## What this task involves
Your answer must be the exact lines below, starting with the line with "Beyoncé’s Country Album" and going on through the line with "Hosta, a genus", both included, with no pictures.

## Information given
· · · · ·
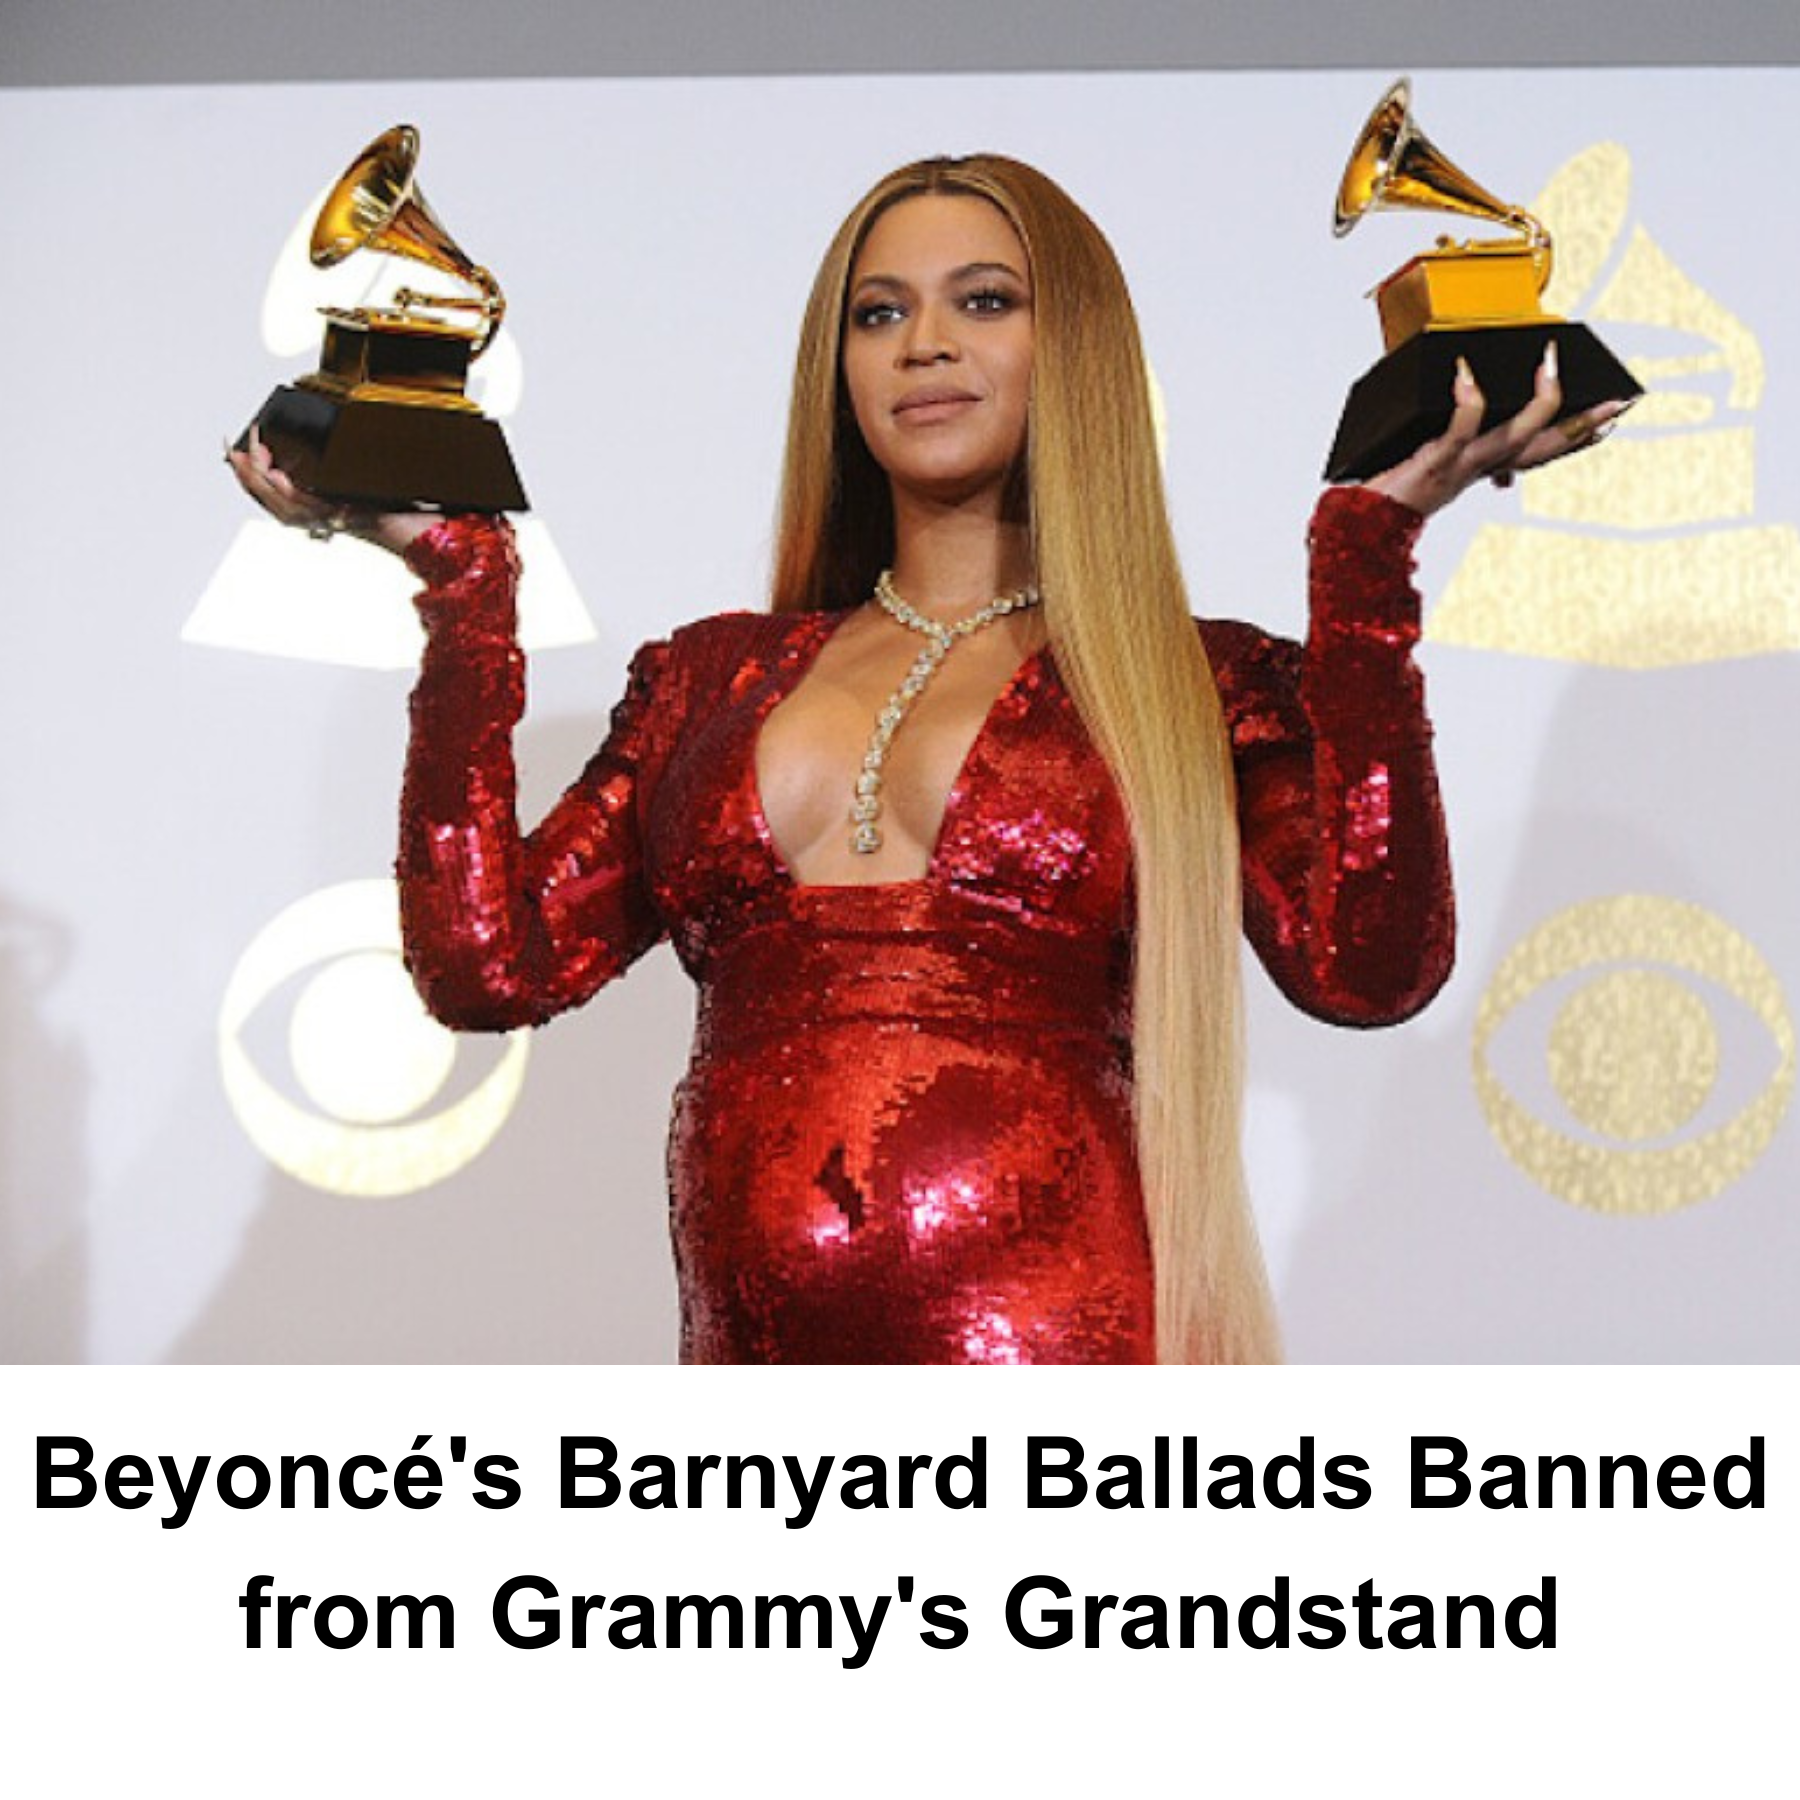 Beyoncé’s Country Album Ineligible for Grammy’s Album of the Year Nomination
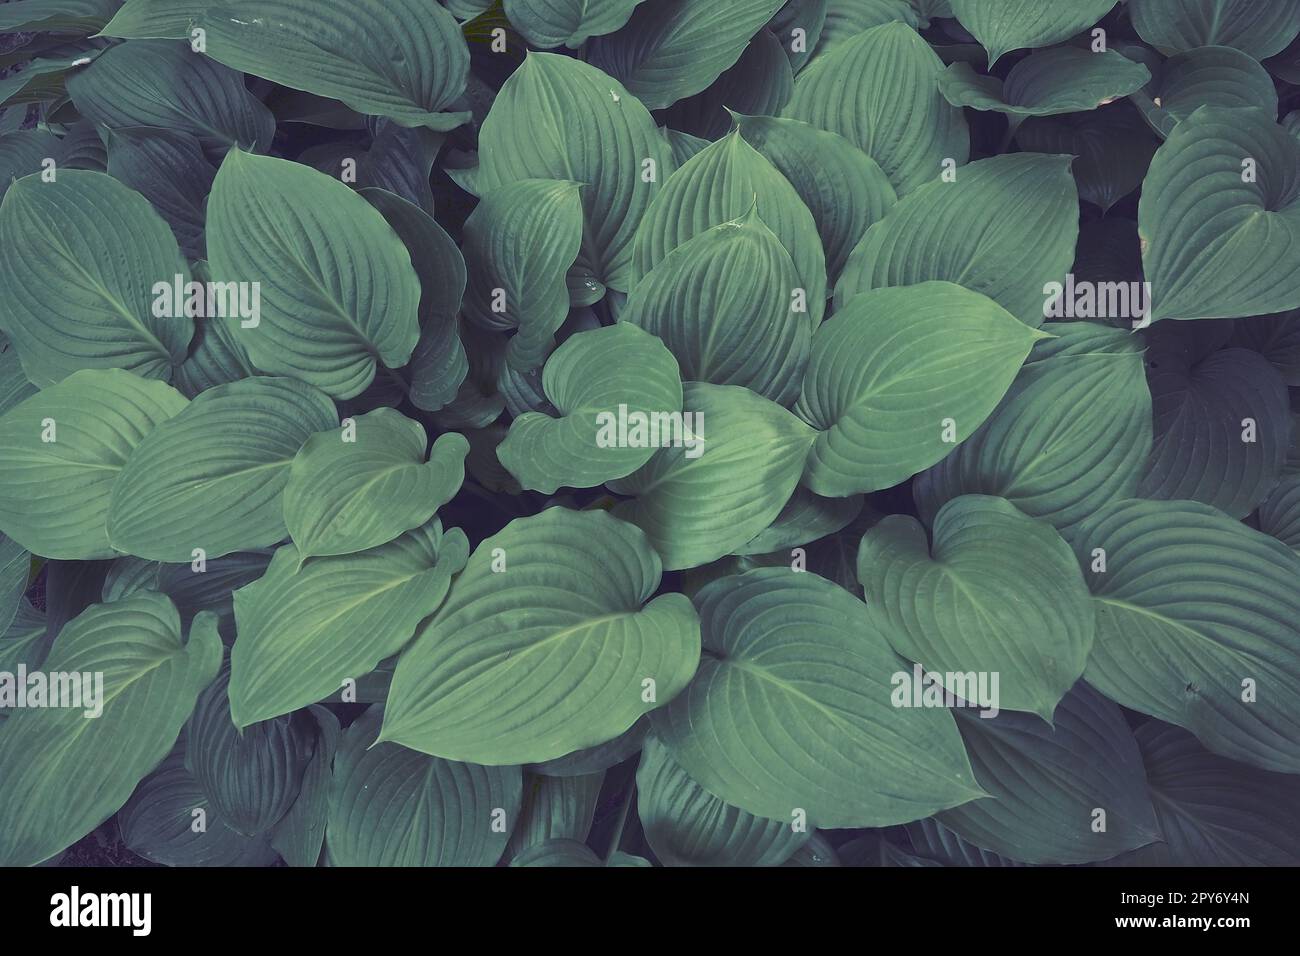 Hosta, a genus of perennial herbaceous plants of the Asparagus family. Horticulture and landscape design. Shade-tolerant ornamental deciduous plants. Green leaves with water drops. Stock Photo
· · · · ·
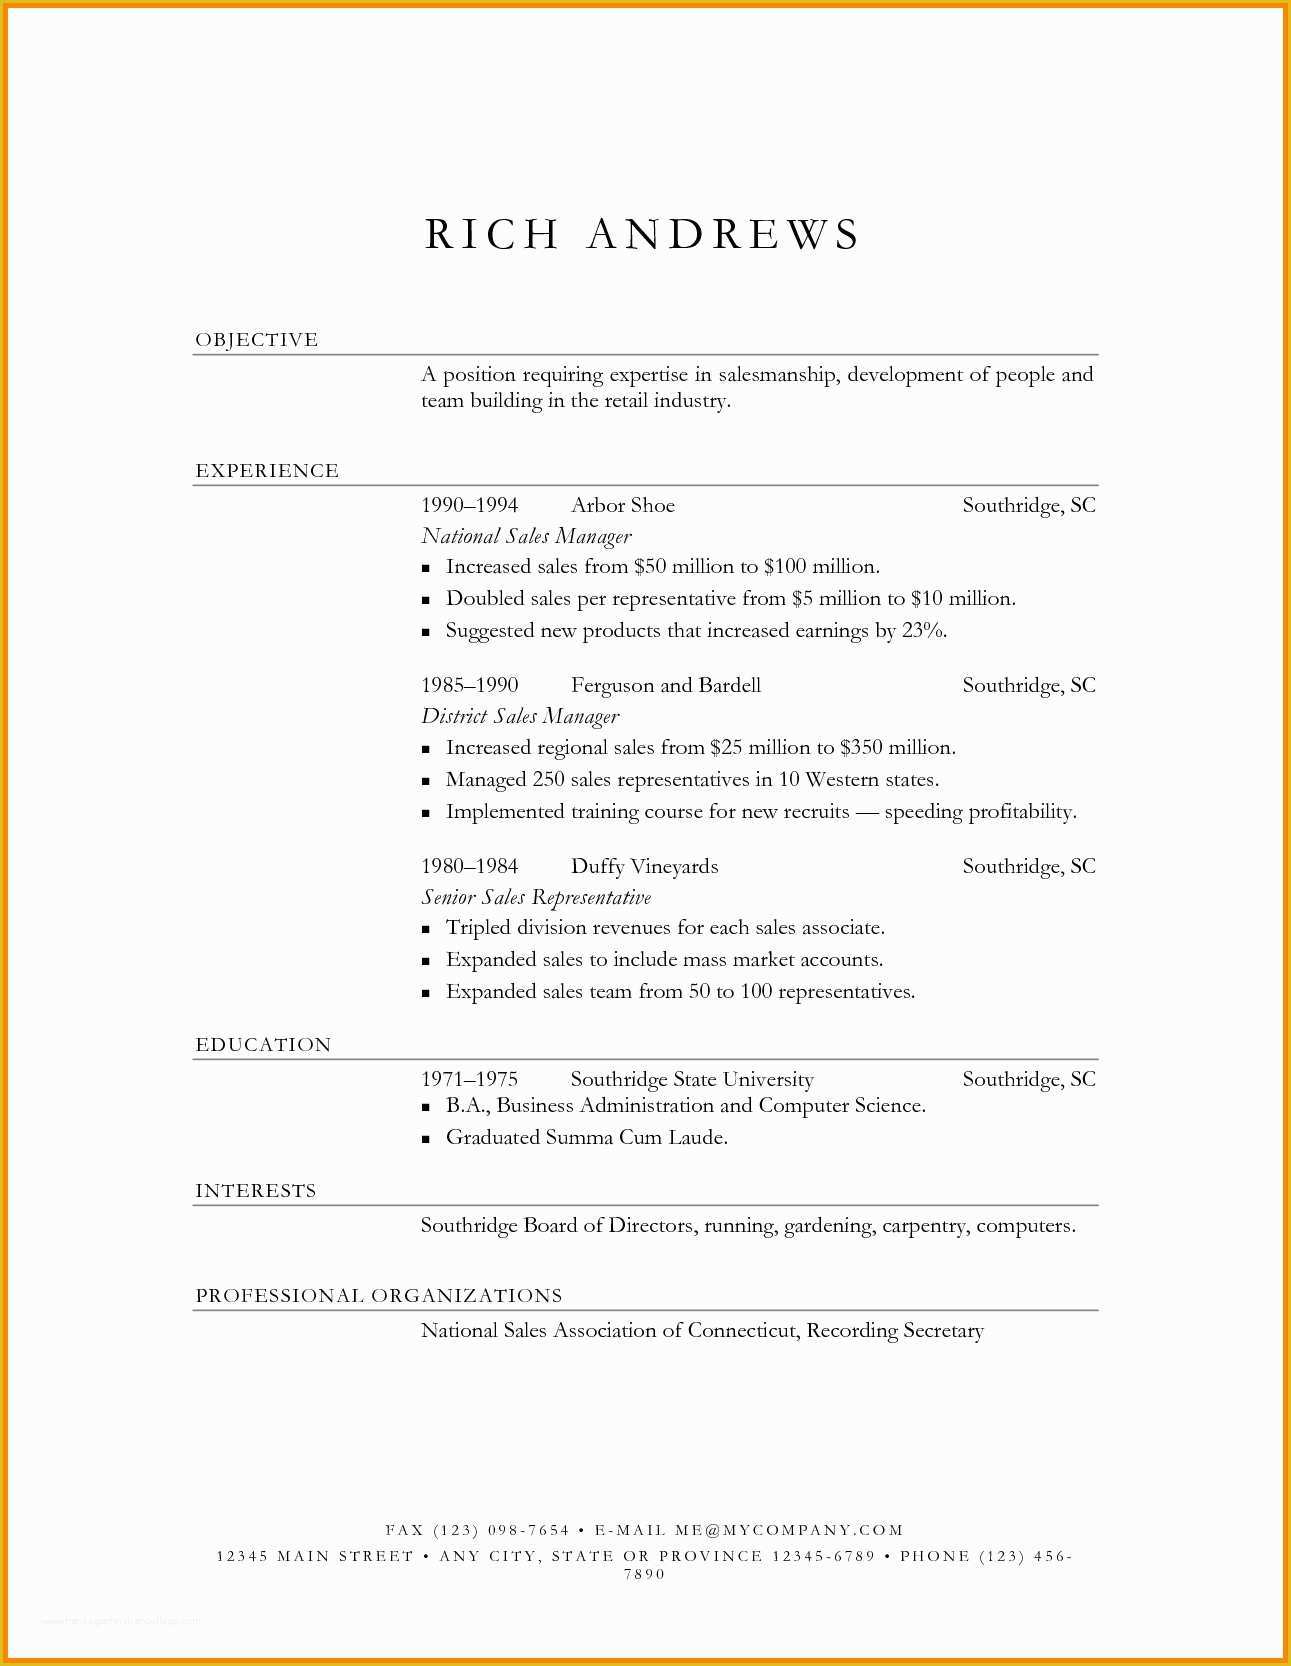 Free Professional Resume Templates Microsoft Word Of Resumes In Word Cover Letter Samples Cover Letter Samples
· · · · ·
## Result
 Beyoncé’s Country Album Ineligible for Grammy’s Album of the Year Nomination
 Hosta, a genus of perennial herbaceous plants of the Asparagus family. Horticulture and landscape design. Shade-tolerant ornamental deciduous plants. Green leaves with water drops. Stock Photo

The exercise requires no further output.